Information supplied section start
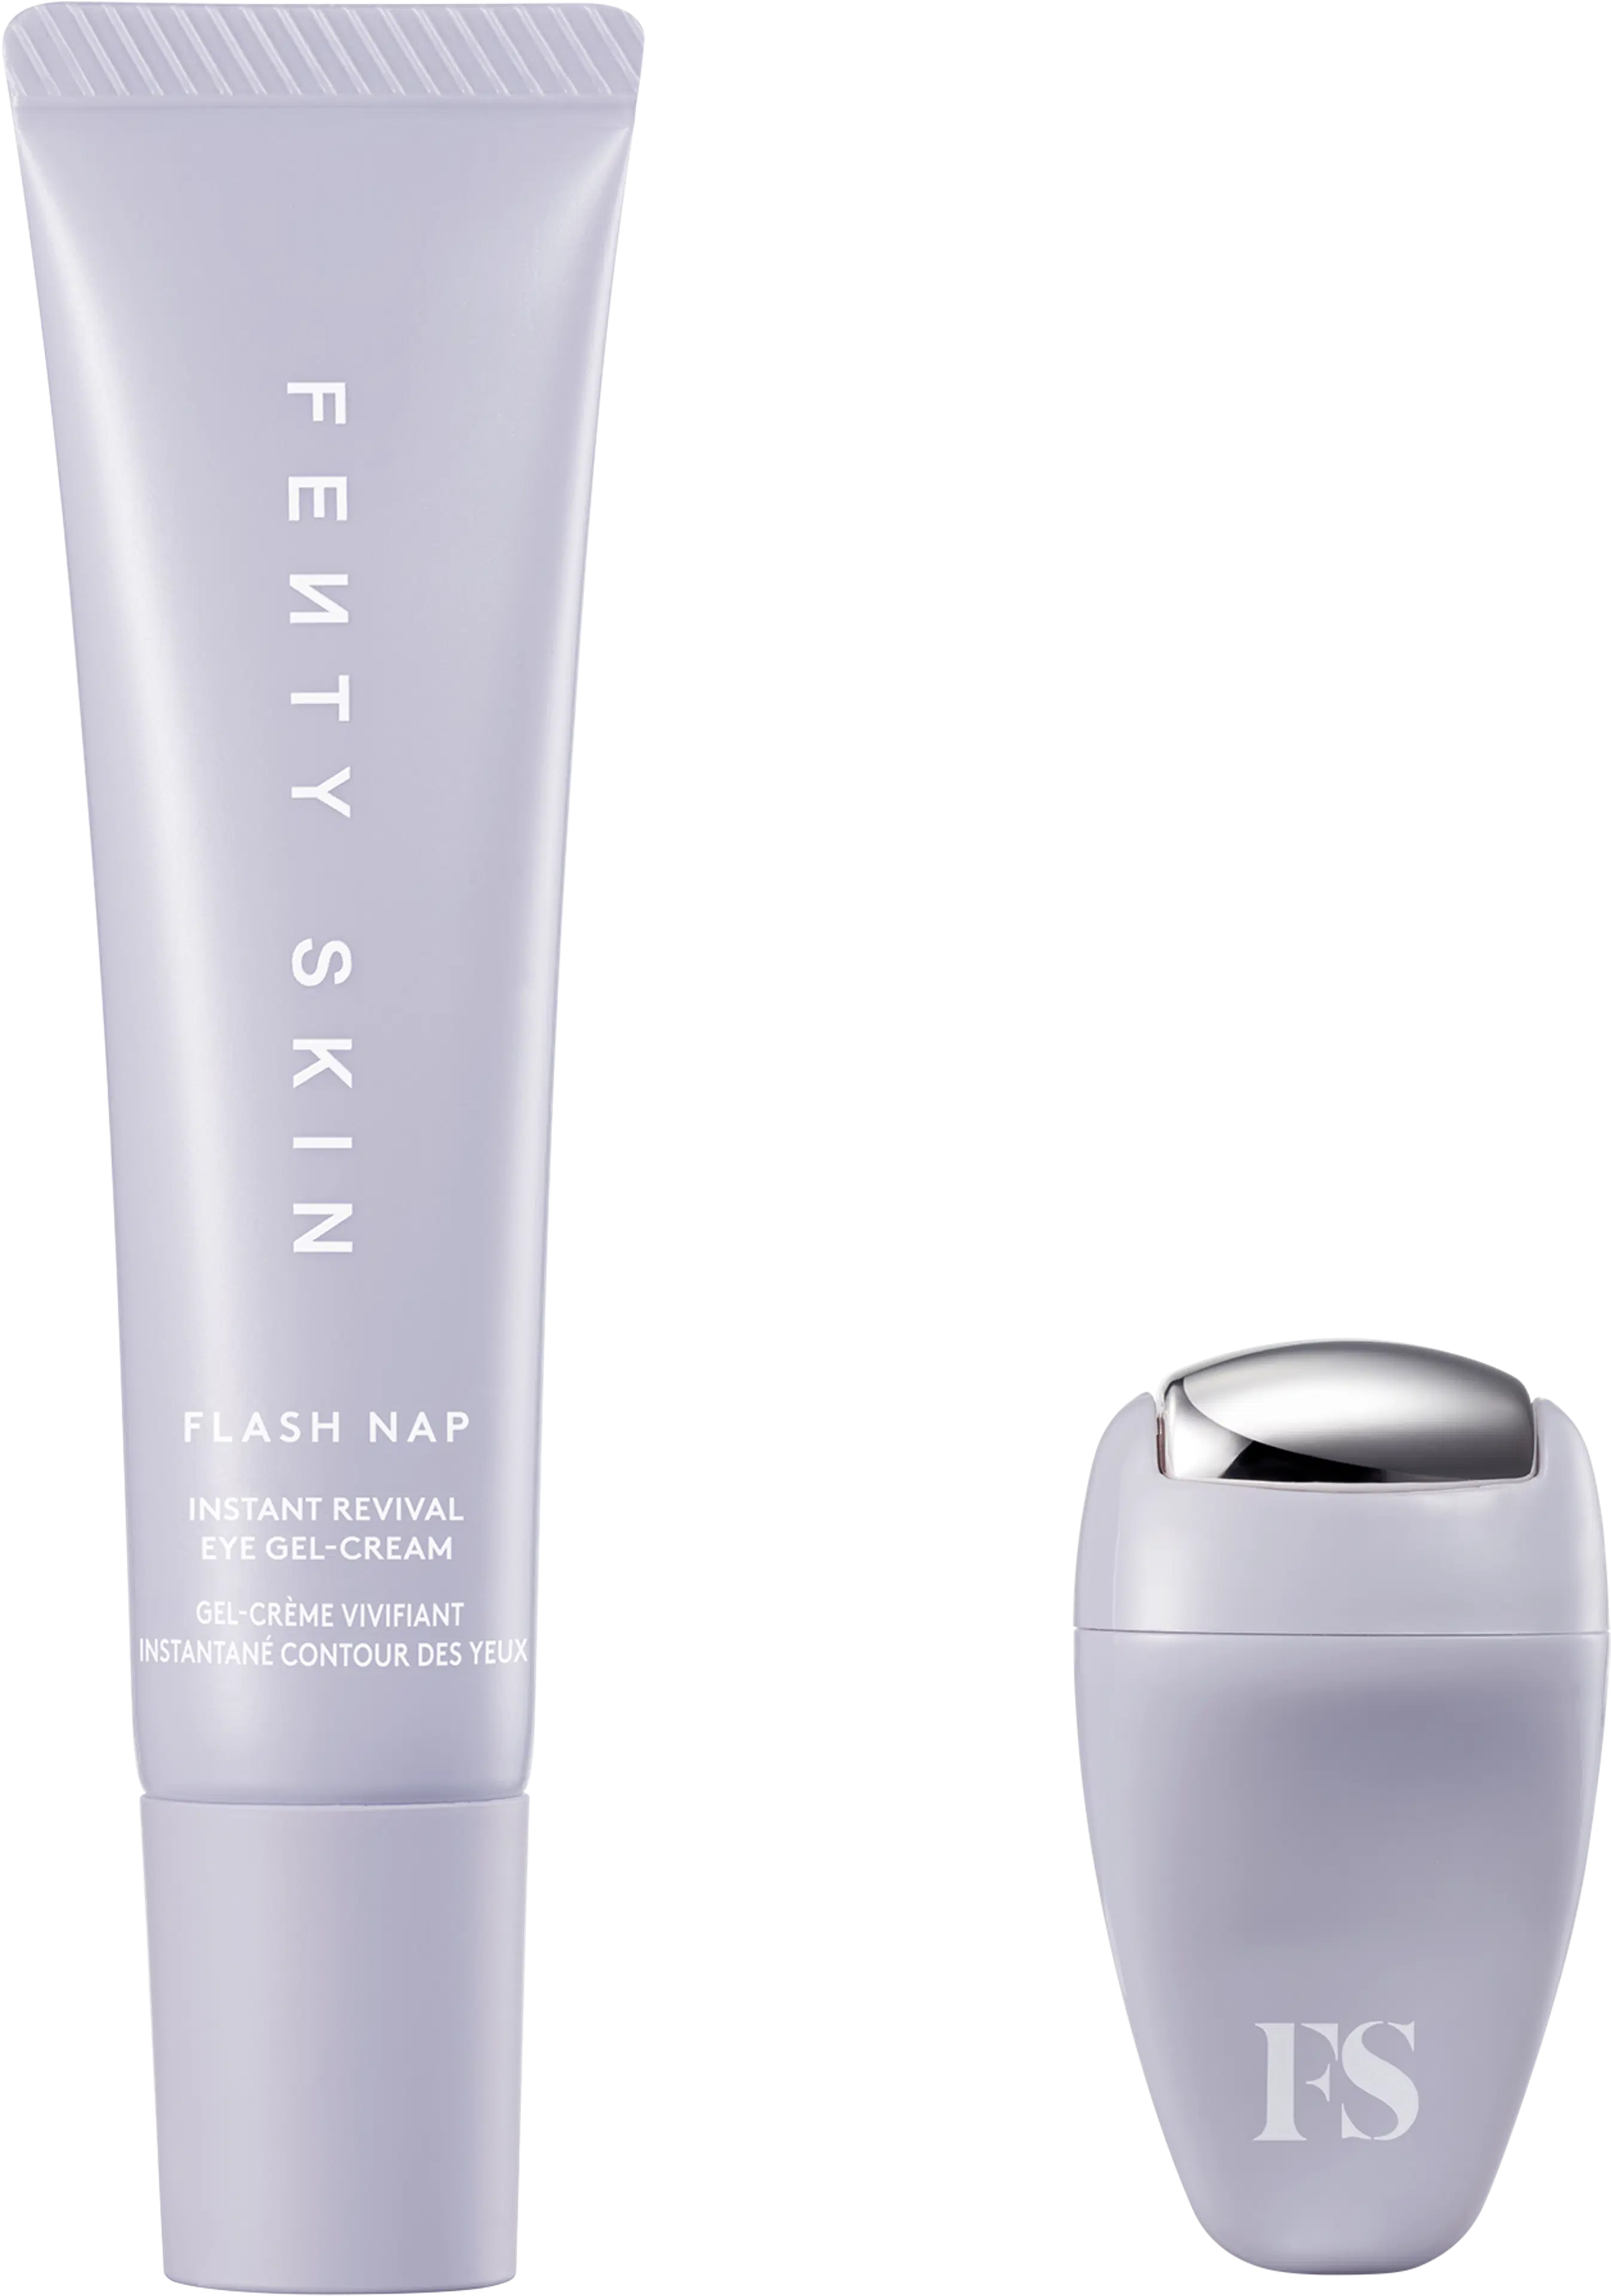 Fenty Skin Flash Nap Eye Gel-Cream W/ Applicator silmänympärysvoide & hierontarulla 15 ml
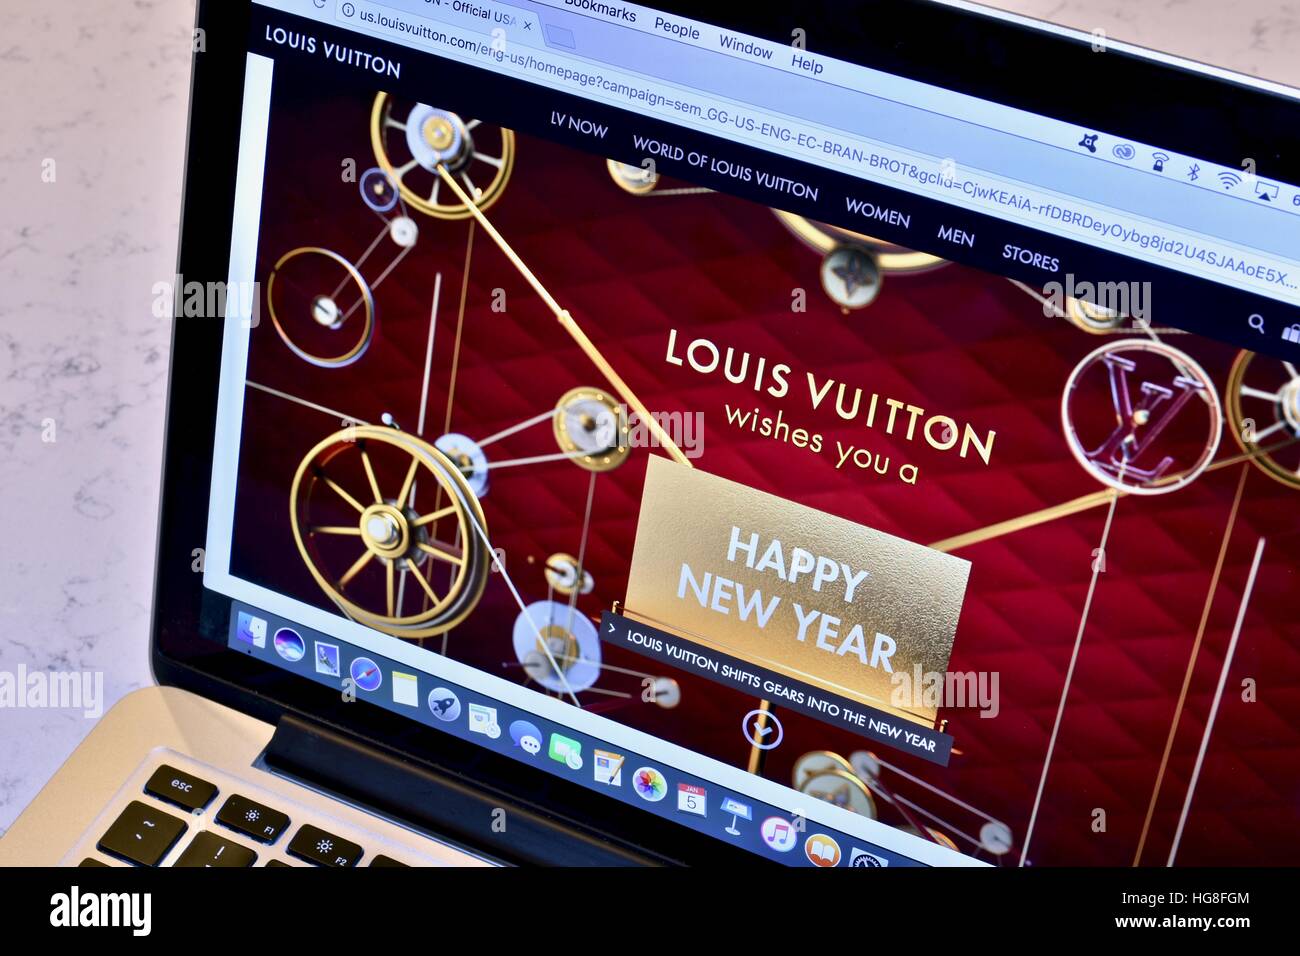 The Louis Vuitton website on an Apple Macbook Pro Stock Photo Alamy
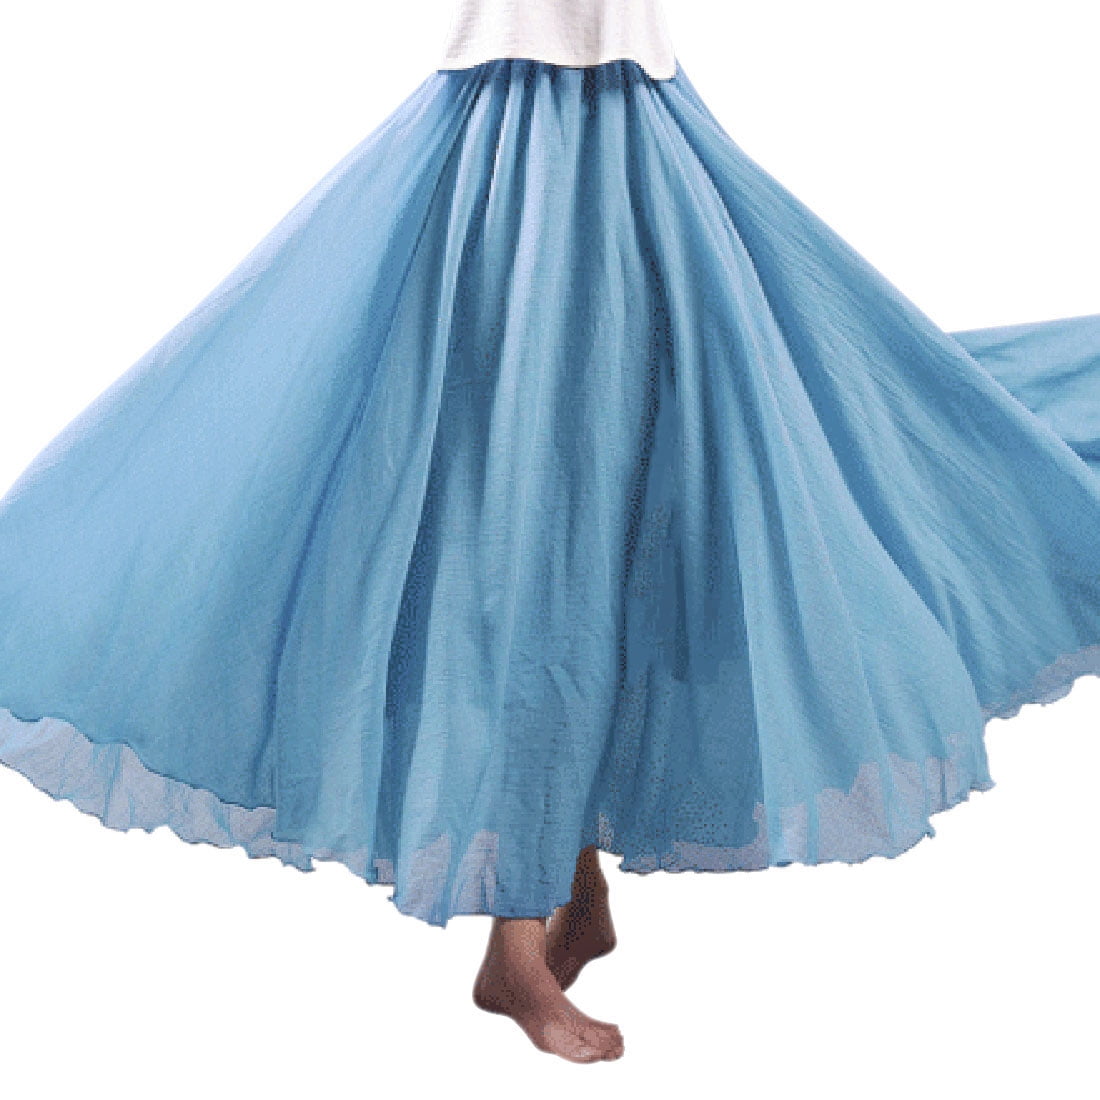 Nlife Women's Bohemian High Waist Flowy Double Layer Maxi Skirt ...
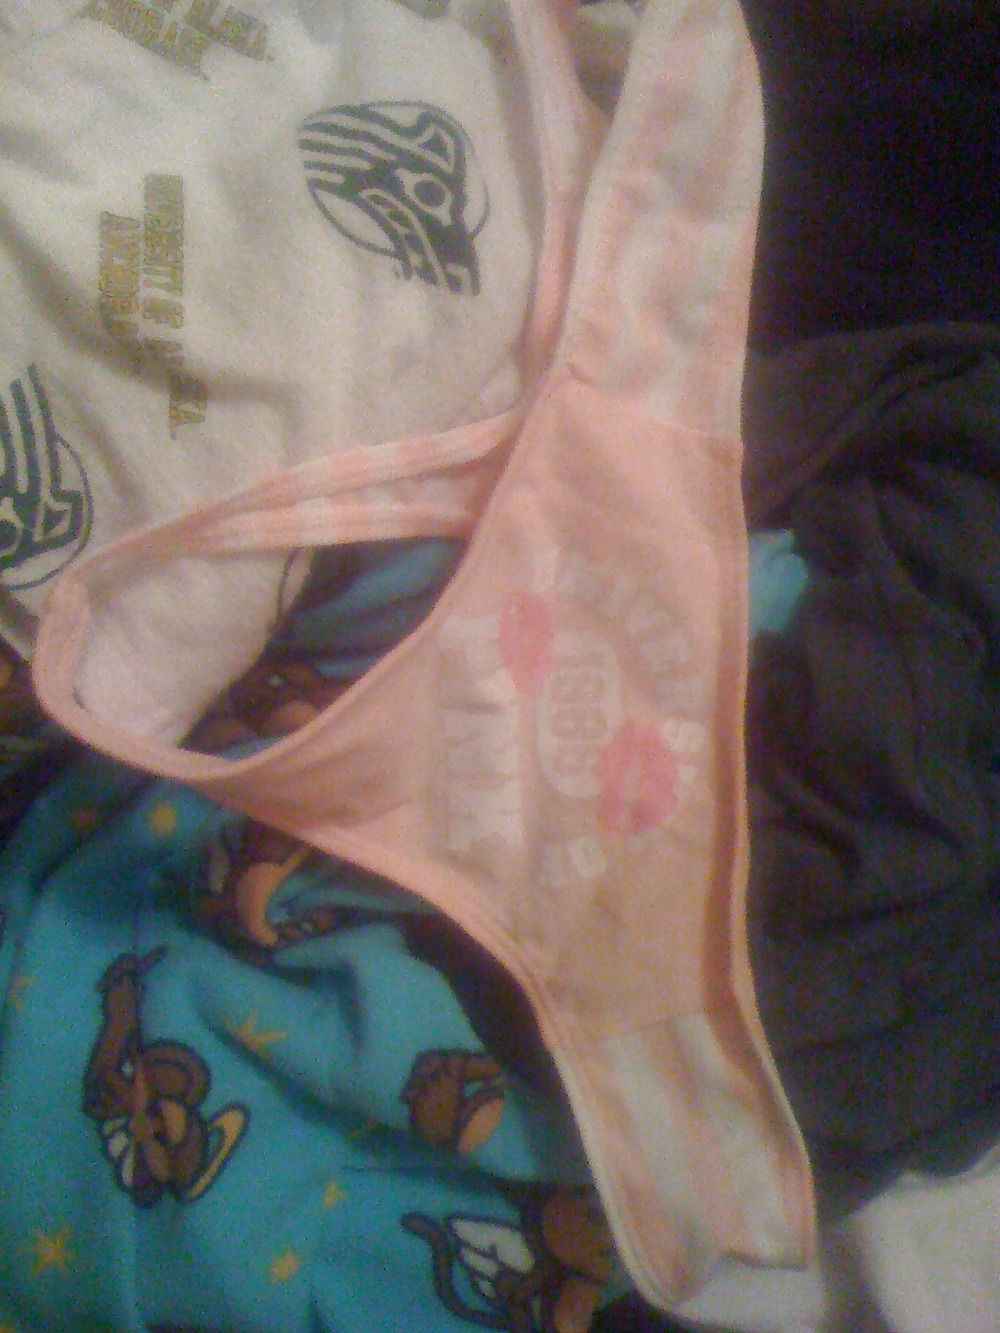 Friend's girl's bras and panties
Information supplied section end
Reproduce exactly the line containing "Nlife Women's Bohemian" and every line after it in the material above, up to and including the last. Exclude all pictures.

 Nlife Women's Bohemian High Waist Flowy Double Layer Maxi Skirt ...
 Friend's girl's bras and panties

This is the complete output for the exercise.